This incident amused the marquis. He told it in the evening to the abbé Pirard.
“I must confess one thing to you, my dear abbé. I know Julien’s birth, and I authorise you not to regard this confidence as a secret.”
His conduct this morning is noble, thought the marquis, so I will ennoble him myself.
Some time afterwards the marquis was able to go out.
“Go and pass a couple of months at London,” he said to Julien. “Ordinary and special couriers will bring you the letters I have received, together with my notes. You will write out the answers and send them back to me, putting each letter inside the answer. I have ascertained that the delay will be no more than five days.”

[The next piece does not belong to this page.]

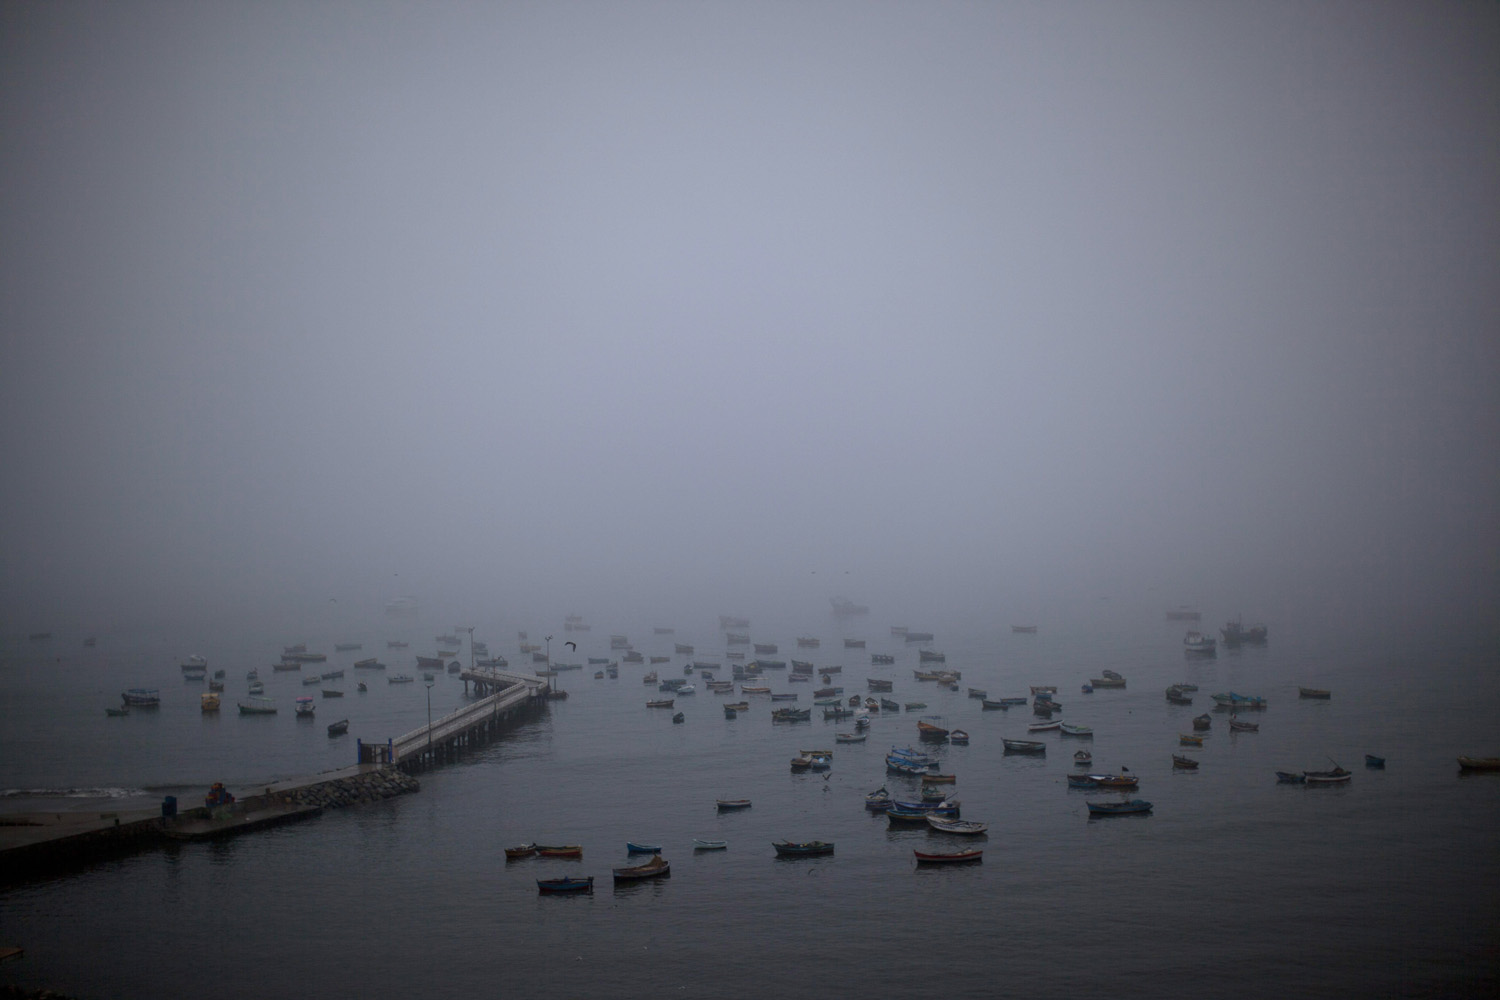 Apr. 2, 2014. Morning fog lifts at the Chorrillo dock in the Pacific Ocean, revealing small scale fishing boats in Lima, Peru.

As he took the post down the Calais route, Julien was astonished at the triviality of the alleged business on which he had been sent.
We will say nothing about the feeling of hate and almost horror with which he touched English soil. His mad passion for Bonaparte is already known. He saw in every officer a Sir Hudson Low, in every great noble a Lord Bathurst, ordering the infamies of St. Helena and being recompensed by six years of office.
At London he really got to know the meaning of sublime fatuity. He had struck up a friendship with some young Russian nobles who initiated him.
“Your future is assured, my dear Sorel,” they said to him. “You naturally have that cold demeanour, a thousand leagues away from the sensation one has at the moment, that we have been making such efforts to acquire.”
“You have not understood your century,” said the Prince Korasoff to him. “Always do the opposite of what is expected of you. On my honour there you have the sole religion of the period. Don’t be foolish or affected, for then follies and affectations will be expected of you, and the maxim will not longer prove true.”